Shady Grove Fertility Center announces a new and more sophisticated genetic screening method that evaluates the likelihood that a couple could pass on known, suspected, or silent genetic disorders to future children.
Genetic screening is certainly not new. Every time we go to the doctor and fill out forms that describe our medical history, family history, and ethnic backgrounds, we are being evaluated for the possibility of known or silent diseases that may have been passed down to us through our parents or grandparents.
Much of this has changed with advances in reproductive medicine. In addition to the insight gathered through the medical and family history, couples undergoing fertility treatment can now do a simple saliva or blood test as a routine part of their treatment preparation to determine if they might be an unsuspecting carrier of one of the 12 more common recessive genetic abnormalities, such as Cystic Fibrosis, Sickle Cell Anemia or Tay Sachs.Doctors assess our risk and may order tests to rule out or confirm suspected disorders. Based on the results, doctors can be watchful for early signs of disease, and offer advice on prevention or treatment of the disease should it emerge. This historically meant advising parents that they may be at increased risk of having an affected child and offering prenatal testing — such as amniocentesis or chorionic villus sampling (CVS) — to detect the disease early in pregnancy.
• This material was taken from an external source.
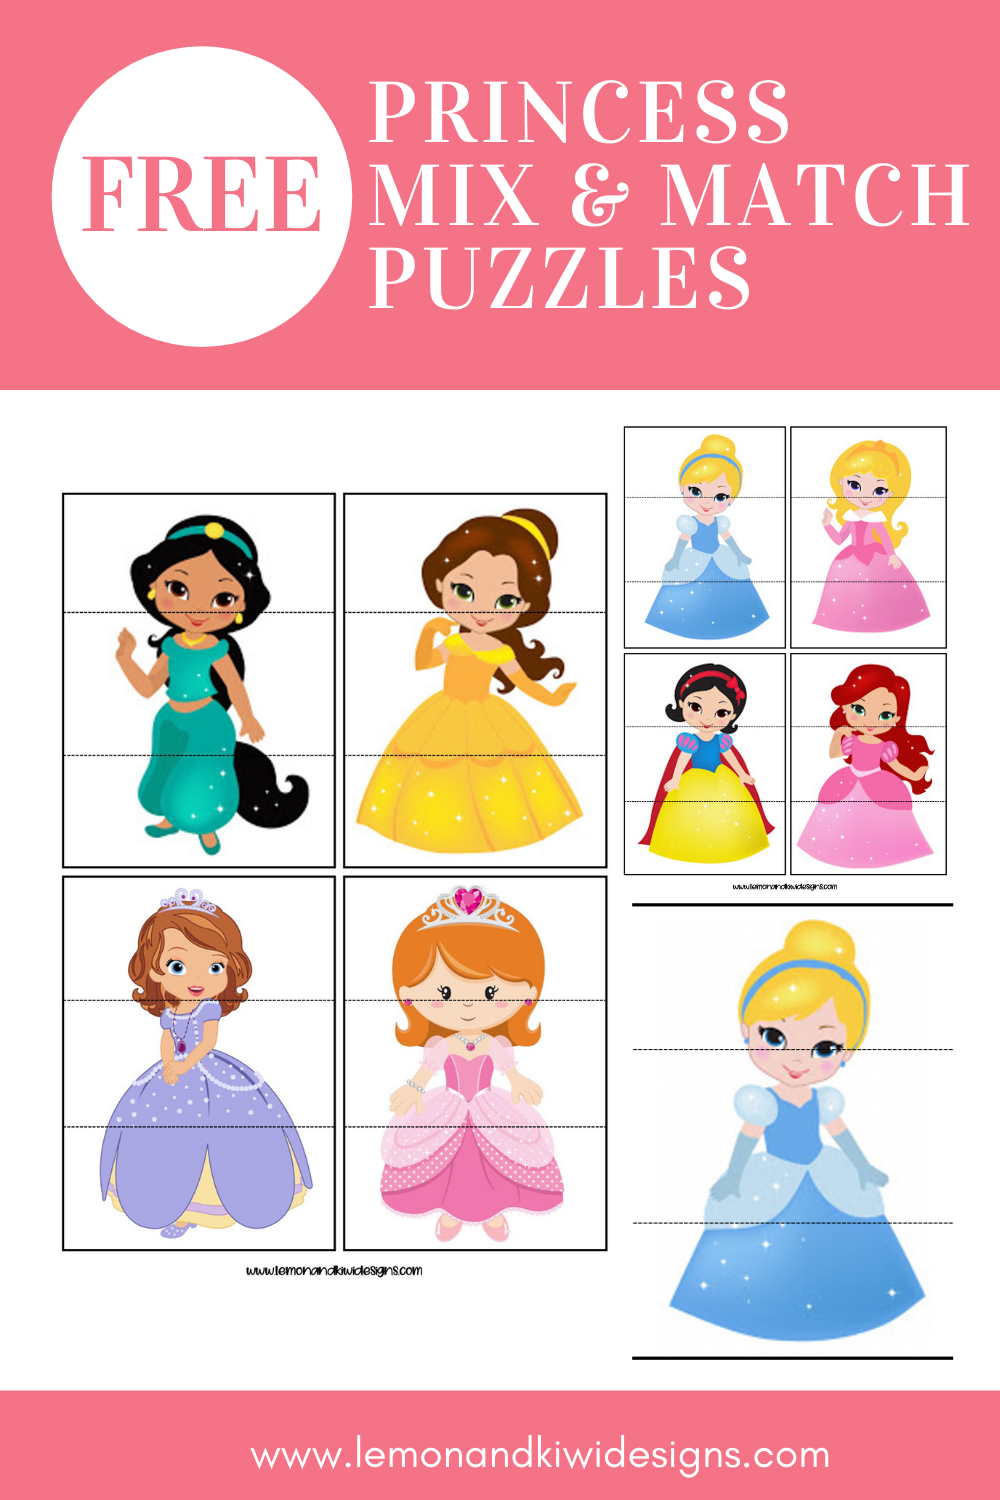 Free Printable Princess Mix and Match Puzzles

The good news is that over 95% of the test results will identify nothing abnormal and patients will move forward with treatment as planned. Because these are recessive diseases, both parents must be carriers to be at risk for having an affected baby. If a couple is at risk, they can move into In Vitro Fertilization (IVF) with pre-implantation genetic testing of their embryos, called PGD.
New Genetic Screening Options at Shady Grove Fertility
The American College of Obstetrics and Gynecology and American College of Medical Genetics recently updated their genetic testing recommendations for women planning a pregnancy.
Based on these recommendations and because evolving technology has made the testing process so easy, Shady Grove Fertility is now recommending that all patients consider taking a genetic test; even those who have already been through a treatment cycle. The new genetic test is referred to as ‘Counsyl’ by our physicians and staff.
“While there are no guarantees in life, this test is very, very reliable for screening out genetic diseases”, explains Eric A. Widra, MD a board certified reproductive endocrinologist at Shady Grove Fertility. “Even if a couple believes they do not have any genetic risk factors that they can pass on to their children, it’s nice to know that a simple test can provide confirmation.”
The Counsyl test is a vast improvement over previous screening capabilities. In the past, while genetic screening was available to everyone, only patients with known or suspected genetic risks or with certain ethnic backgrounds were recommended to undergo genetic testing. Each disease had to be ordered as a separate test, which was both time-consuming and expensive. Counsyl reduces both time and cost by screening for several recessive genetic disorders in a single test, and is often covered by insurance.
Initially, only one partner will need to be tested. For recessive disorders to affect a future child, BOTH parents must carry the abnormal gene. If one partner is positive, we then screen the other prospective parent to see if they are both carriers.
While Counsyl is now the first line of genetic screening, patients with specific genetic histories and those in certain ethnic groups, including African American, Asian, Ashkenazi Jewish, French Canadian and Cajun, may need an additional blood test to complete their genetic profile. This additional test is designed to detect risks that can’t be identified by Counsyl alone.
If the Counsyl or blood tests come back negative, that means that the patient who was tested is not a carrier of any of the tested diseases. In this case, the couple can proceed to treatment without further action. If the tests are positive, it means that the patient is a carrier of one or more of the diseases in the panel. In this case, the other partner in the couple needs to be tested. In the majority of cases, the second partner tested will not be a carrier and the couple can proceed on to treatment without any further action.
“I always remind my patients that a positive doesn’t mean you have the disease,” says Dr. Widra. “This is just screening, not a diagnosis. A positive means we should do further testing, discuss the potential risks of passing down the genetic disorder to future children, and offer a consultation with a genetic counselor, if necessary.”
Preventing Genetic Disease
While the odds are less than 1%, should BOTH partners’ test results come back positive for the same genetic abnormality, our physicians will discuss the option to undergo In Vitro Fertilization (IVF) with an advanced reproductive technology called Pre-implantation Genetic Diagnosis (PGD). By utilizing this method of treatment, patients can have their fertilized embryos screened for the genetic abnormality. This facilitates the transfer of unaffected embryos into the uterus. This way, patients can prevent passing on the genetic disease to their child.
Read our Genetic Screening Q&A for the basics on screening and SGF’s recommendations.
Genetic Screening Made Easy
The new genetic screening test by Counsyl is simple and convenient. Patients no longer need to make a separate visit to a lab, as at-home-test kits are easy to follow and results are provided in about three weeks. Best of all, tests are covered by many insurance plans.
“The ability to screen for all possible inherited genetic disease may still be a long way off , these new advances are big step in the right direction.”’ summarizes Dr. Widra. “The benefit to patients is an additional level of comfort and confidence as they move forward on the path to parenthood.”